Canzone dello scricciolo (wren hunting & song)

Robin & Wren
lo scricciolo e il pettirosso

La canzone dello scricciolo rievoca un rito dalle oscure origini che affondano nella tradizione celtica. Il più piccolo dei passeri, lo scricciolo, (termine che si usa anche per vezzeggiare un bambino molto piccolo) era chiamato in latino reguluspiccolo re” e con questo appellativo era conosciuto in tutta Europa (re di macchie, re di siepi, re di tutti gli uccelli o anche piccolo zar). Un uccello tanto piccolo ma dal canto potente, il più squillante e armonioso.

Il nome gaelico “Druidh dhubh” si traduce come “druido degli uccelli” detto anche “passero di Bran” (il dio della profezia). Animale sacro la cui uccisione era considerata tabù e portatrice di sventura, ma non durante il tempo di Yule.

Eppure non tutti gli studiosi concordano con il far risalile la parola gaelica “Dreoilín” (scricciolo) a “druido”, piuttosto “dryw” e “drev” vogliono dire “felice”.

A propos du roitelet, ne faudrait-il pas parler du nom latin de cet oiseau « regulus », petit roi, qui se retrouve en français, en espagnol (reyezuelo), en allemand (sous forme de traduction « Zaunkönig », roi des clôtures) et sans doute dans d’autres langues ?
A l’origine il y a la fable latine du concours de vol en hauteur pour choisir le roi des oiseaux. Le vainqueur est l’aigle, mais un roitelet s’était perché sur sa tête, à son insu, méritant ainsi le nom de « petit roi » qui lui est resté.
On peut se demander si les « wren king songs » sont, de ce fait, d’origine uniquement celtique. Les noms de cet oiseau dans les langues celtes tournent autour de l’idée de gaité :
– Breton : « laouenan (ig) » de « laouenn »= joyeux
– Gallois : « dryw » est certainement le même mot que le breton « drev » (prononcé « dreo ») qui veut dire aussi joyeux (Christian Souchon )

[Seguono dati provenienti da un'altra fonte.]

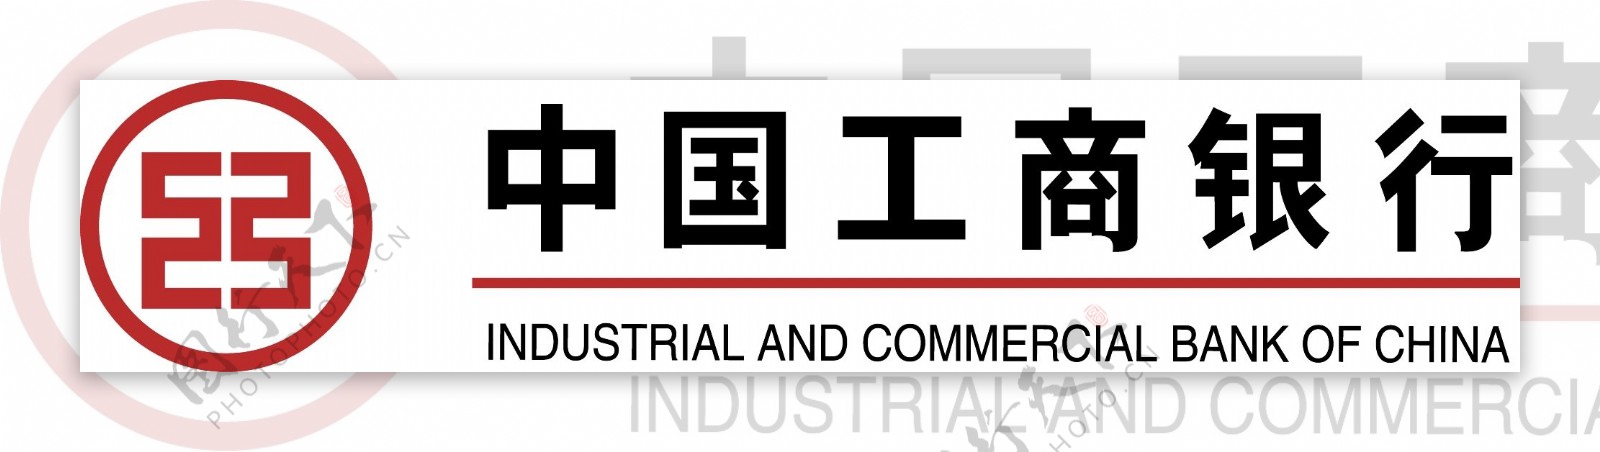 中国工商银行IndustrialCommercialBankofChina

A proposito dello scricciolo non possiamo non citare il nome latino di questo uccello, “regulus”, piccolo re, che si trova in francese, spagnolo (reyezuelo), tedesco (sotto forma di traduzione “Zaunkönig”, re delle siepi ) e probabilmente in altre lingue?
In origine c’è la favola latina della gara di volare più in alto per scegliere il re degli uccelli. Il vincitore è l’aquila, ma uno scricciolo si era appollaiato sulla sua testa, a sua insaputa, meritandosi così il nome di “piccolo re” che gli è rimasto impresso.

Viene da domandarsi se le “canzoni del re scricciolo” siano, quindi, di origine unicamente celtica. I nomi di questo uccello nelle lingue celtiche ruotano attorno all’idea di allegria:
Bretone: “laouenan (ig)” da “laouenn” = felice
Gallese: “dryw” è certamente la stessa parola del bretone “drev” (pronunciato “dreo”) che significa anche felice

Nel suo libro “La dea bianca”, Robert Graves spiega che nella tradizione celtica, la lotta tra le due parti dell’anno, è rappresentata dalla lotta tra il re-agrifoglio (o vischio), l’anno nascente, e il re-quercia, l’anno morente. Al solstizio d’inverno il re-agrifoglio vince sul re-quercia, e viceversa per il solstizio d’estate. (continua) Nella tradizione orale, una variante di questa lotta è rappresentata dal pettirosso e lo scricciolo, nascosti tra le foglie dei due rispettivi alberi. Lo scricciolo rappresenta l’anno calante, il pettirosso l’anno nuovo e la morte dello scricciolo è un passaggio di morte-rinascita.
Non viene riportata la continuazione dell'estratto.